When considering the ancient samples > 0.01x, we see three groupings; One closest to V.v.vicugna and mostly containing osteometrically small size individuals, one mostly containing osteometrically large size individuals somewhat in the middle of the two modern Lama sp. clusters, and a single large ancient individual (C72) within the llama/L.g.cacsilensis cluster (Fig. 2A). When reducing the dataset to only include Lama sp. individuals, we again see C72 within the llama/L.g.cacsilensis cluster, with the remaining individuals still forming their own cluster, but sitting more closely to the llama/L.g.cacsilensis cluster (Fig. 2B). Results are similar when considering ancient individuals >0.001x; the cluster closest to V.v.vicugna remains but the structuring within Lama sp. becomes less clear (Supplementary Fig. 2). Individuals where the osteometric size did not match with their PCA placement included a single big individual (C38), and two small individuals (C69 and C70).

Phylogenetic analysis

To further investigate the broad relationships between the modern and ancient camelids included in this study, we computed a neighbour-joining tree. Our neighbour joining tree showed similar results as the PCA (Supplementary Fig. 3). There is a split in the ancient individuals, with individuals being most closely related to V.v.vicugna or the llama/L.g.cacsilensis clade. Only individual C72 was found to be within the llama/L.g.cacsilensis clade.

Ancestry proportions

To obtain high-resolution ancestry profiles, clarify the origins of each specimen, and assess possible interspecific gene flow, we calculated ancestry proportions for eight ancient individuals using admixfrog28. Investigations using simulated aDNA damaged modern individuals showed a good ability to discern subspecies designation in the wild individuals using this approach as the highest proportion of single subspecies ancestry in each individual was as expected (Supplementary Fig. 4). In the modern llama we saw a relatively high proportion of ancestral camelid DNA (0.11 vs. 0.01 in the wild species) but negligible levels of Vicugna ancestry (0.01). However, in the modern alpaca, we saw a much higher proportion of ancestral camelid DNA (0.44) as well as relatively high levels of Lama ancestry (0.13).
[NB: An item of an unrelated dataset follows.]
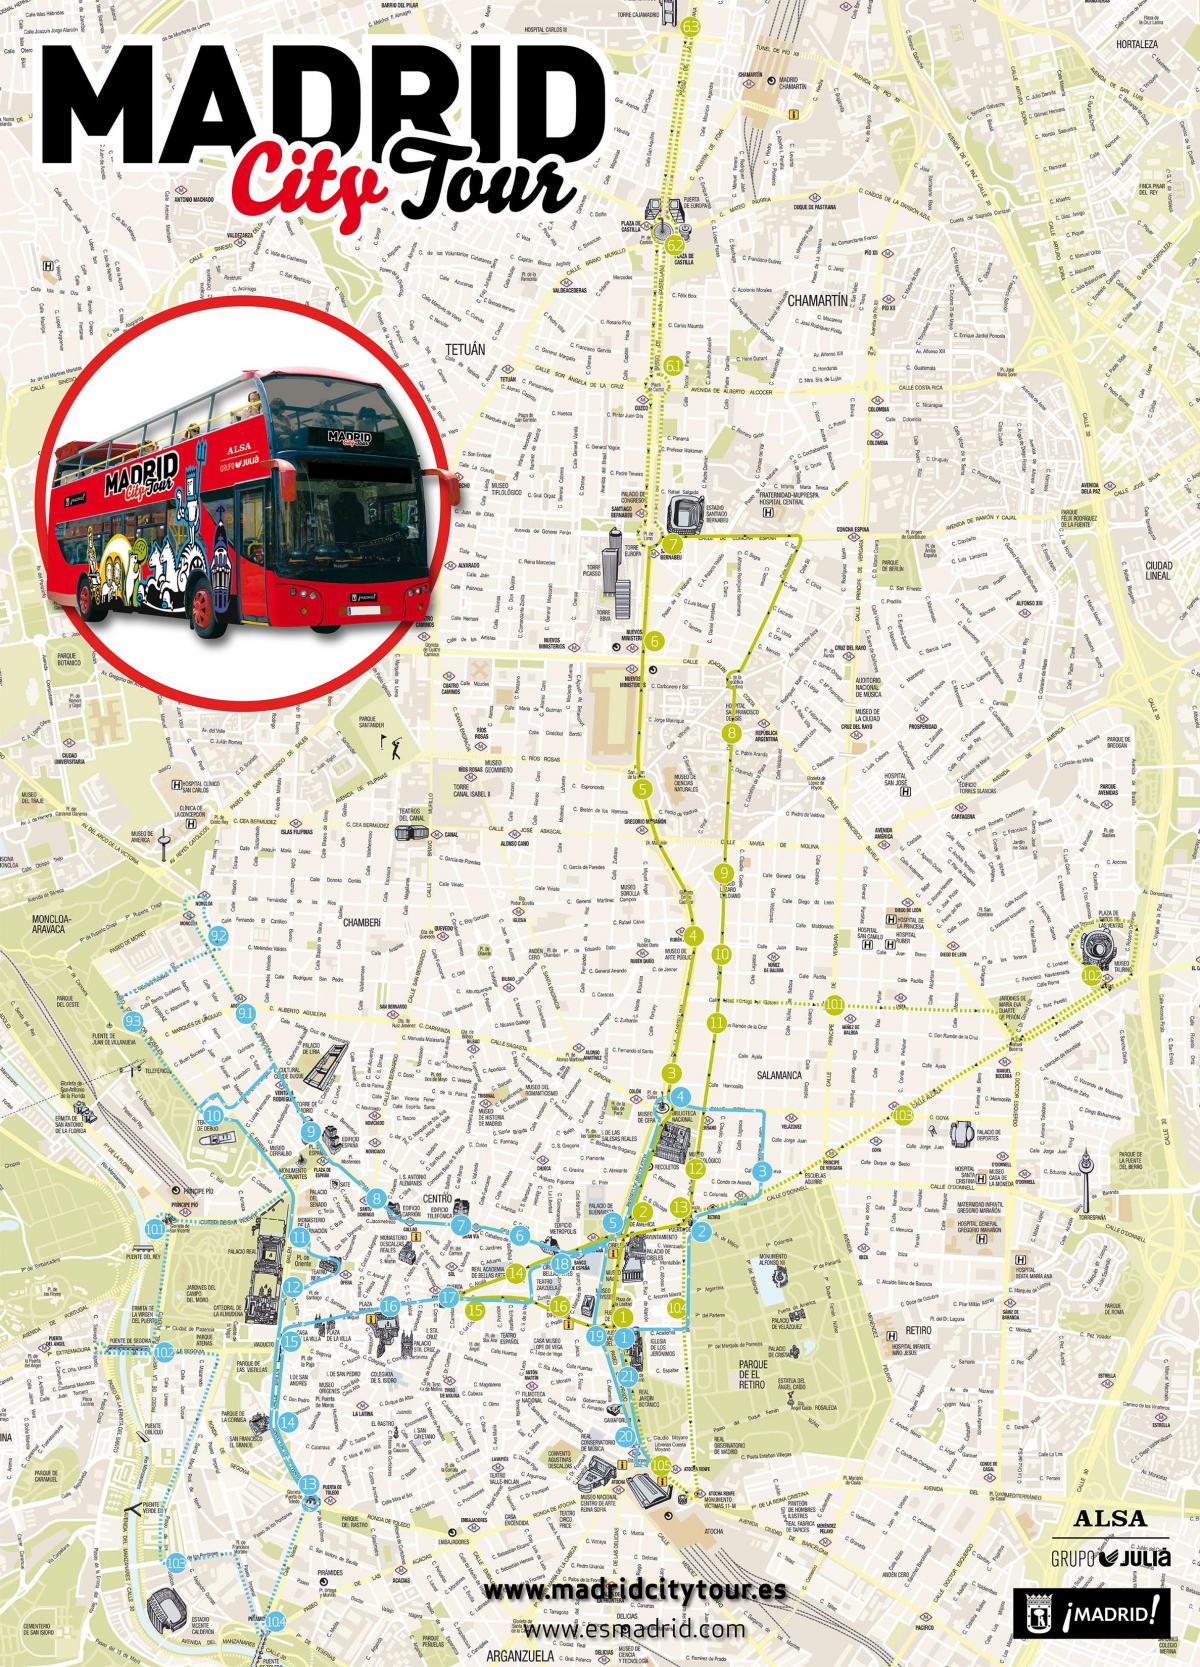 Madrid bus wisata peta

The archaeological specimens’ ancestry proportion results were in line with the PCA and phylogenetic tree results (Fig. 2C, D). C72 had more L.g.cacsilensis ancestry relative to L.g.guanicoe compared to the other ancient Lama sp. individuals (Fig. 2C). When looking into Lama sp. specific ancestry, C72 contained relatively higher levels of shared ancestry with modern llama than the other three investigated individuals (Fig. 2D). Overall, the genetically identified Lama sp. individuals had more L.g.cacsilensis ancestry than L.g.guanicoe and Vicugna sp (Fig. 2C). Putative Vicugna individuals have more V.v.vicugna ancestry than V.v.mensalis (Fig. 2C). The small sized C69 contained mostly L.guanicoe ancestry, and the big size C38 contained mostly V.vicugna ancestry. Only a very small proportion of each individual contained ancestral South American camelid ancestry < 0.04 (Fig. 2C).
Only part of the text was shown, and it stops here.